Foreign Body Type Nasal Pseudocyst After Augmentation Rhinoplasty: Histopathologically Mucin-Containing Pseudocyst
An 18-year-old woman presented with a one week history of a rapidly growing asymptomatic mass on the left nasal root. One year earlier, she underwent a rhinoplasty using a silicone implant. Six months after the procedure a heavy bag fell on her nose. She had no relevant past medical or drug-use history. Physical examination revealed a hyperkeratotic, firm, and protruding nodule mimicking pyogenic granuloma (Fig. 1A). Antibiotics were used with no effect. A presurgical diagnosis of pyogenic granuloma associated with trauma was made, and excisional biopsy was performed. During the excision, a translucent gelatinous material oozed out from the lesion. One week after the excision, the lesion recurred. Soft tissue ultrasonography showed a 0.4 × 0.67 cm hypoechoic lesion between the silicone implant and the overlying skin (Fig. 1B). During an open surgical approach, the mass was removed and then the silicone implant was released from the nasal bone. Intraoperatively, it was found that the silicone implant was broken into 3 pieces (Fig. 1C). Revision rhinoplasty and tip plasty with ear cartilage were also performed. Histological examination of the removed mass revealed a dermal mucous retention cystic area, devoid of any true epithelial lining (Fig. 2A). The mucin-containing dermal space was surrounded by granulation tissue. Muciphages were identified (Fig. 2B). The stromal mucin stained positively with alcian blue (Fig. 2C), whereas the gram stains and periodic acid–Schiff (PAS) stains were negative. Follow-up at 3 years after the surgery revealed no signs of recurrence.

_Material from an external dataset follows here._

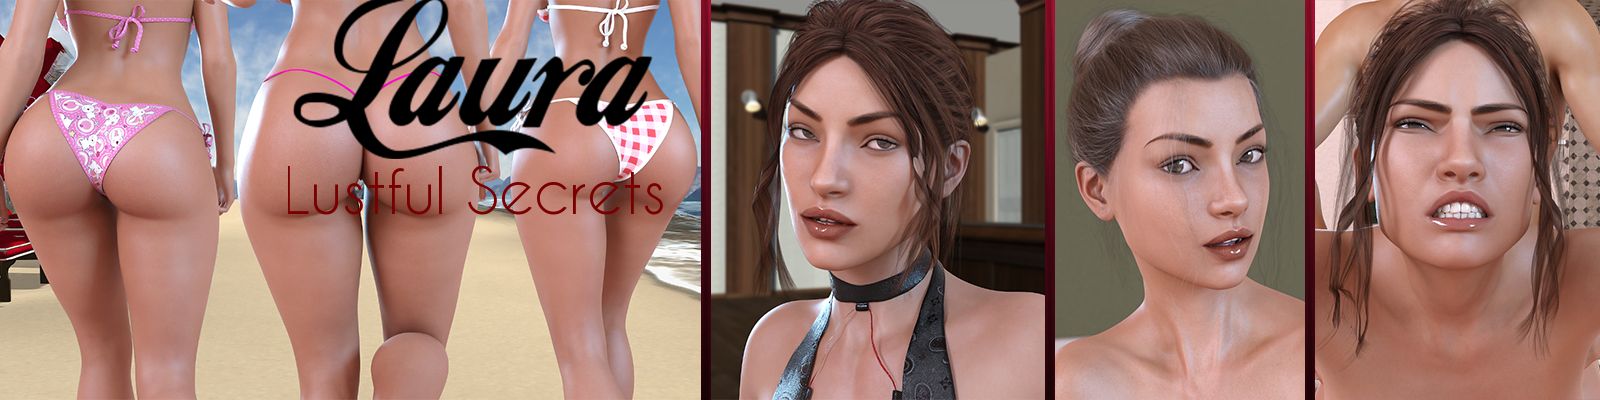 Laura Lustful Secrets Apk Android Adult Game Download (12)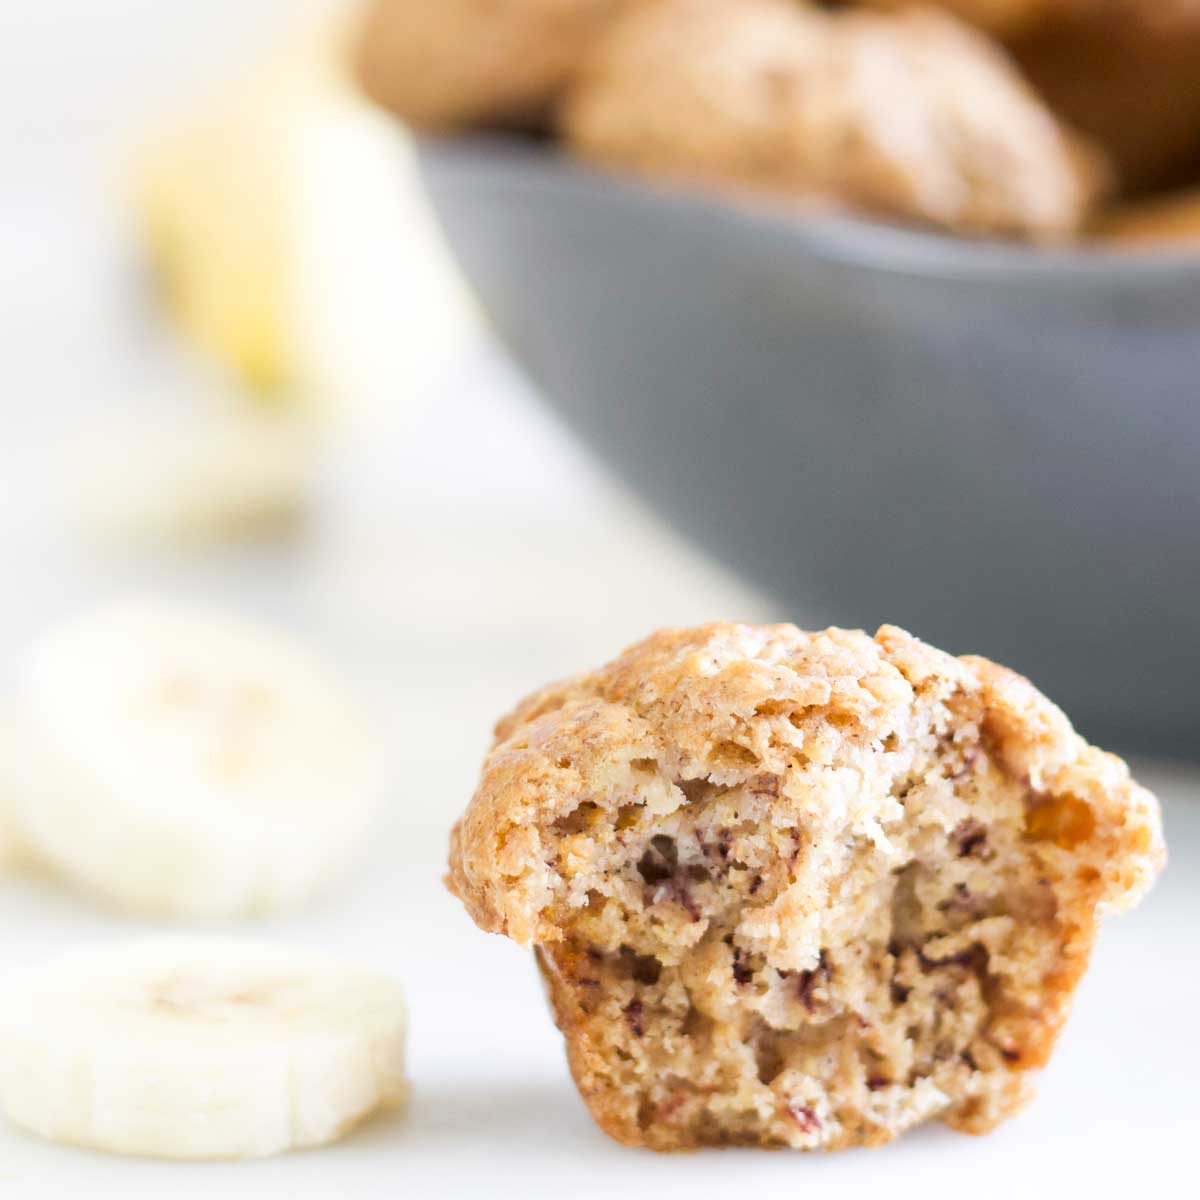 https://www.healthylittlefoodies.com/wp-content/uploads/2020/04/baby-banana-muffins-square.jpg

Recently, a 42-year-old man with a nasal root mass presented to our clinic. Fifteen years earlier, he had undergone augmentation rhinoplasty with a silicone implant. Five months earlier a nasal mass suddenly developed after he suffered from a blunt trauma to his face. Physical examination showed a 1.0 × 0.8 cm, erythematous protruding cystic mass on the left nasal root (Fig. 1D). Antibiotics were used with no effect. A presurgical diagnosis of foreign body type nasal pseudocyst associated with augmentation rhinoplasty was made, and the cyst and silicone implant were removed. Grossly, the removed silicone implant had a broken edge (Fig. 1E). The cystic mass was composed of gelatinous material filled space with chronic inflammatory cells and foreign body type multinucleated cells. The cystic mass also positively stained with alcian blue.
Nasal dorsal cyst formation is a very rare complication of rhinoplasty. Since the first description in 1958 by McGregor et al,1 only 26 cases have been reported in the literature.2 Some theories have been proposed regarding their development: herniation of nasal mucosal tissue through the fractured site and nasal mucosa growth through osteotomy lines.2 The histopathological findings have been of a mucous retention cyst lined with respiratory-type epithelium; however, such a lining was not present in our case.
Rarely, a foreign body type pseudocyst after rhinoplasty has been reported; one case was similar to our patients, and the other case was caused by petroleum-based ointment.3,4 Here, we describe 2 cases of postrhinoplasty foreign body type pseudocysts containing inflammatory cells and gelatinous material without epithelial lining. It is likely that the pseudocysts were caused by foreign body inflammatory reaction from broken silicone, and overproduction of mucin by fibroblasts is probably responsible for the observed changes. Mucin has been shown to increase hydrophilicity of silicon-based and poly (ethylene terephthalate)-based biomaterials and to suppress bacterial adhesion, as well as neutrophil adhesion and activity.5 The differential diagnosis must include pyogenic granuloma, benign skin adnexal tumors, dermoid cysts, abscesses, foreign body granulomas, infections, encephaloceles, and lymphomas.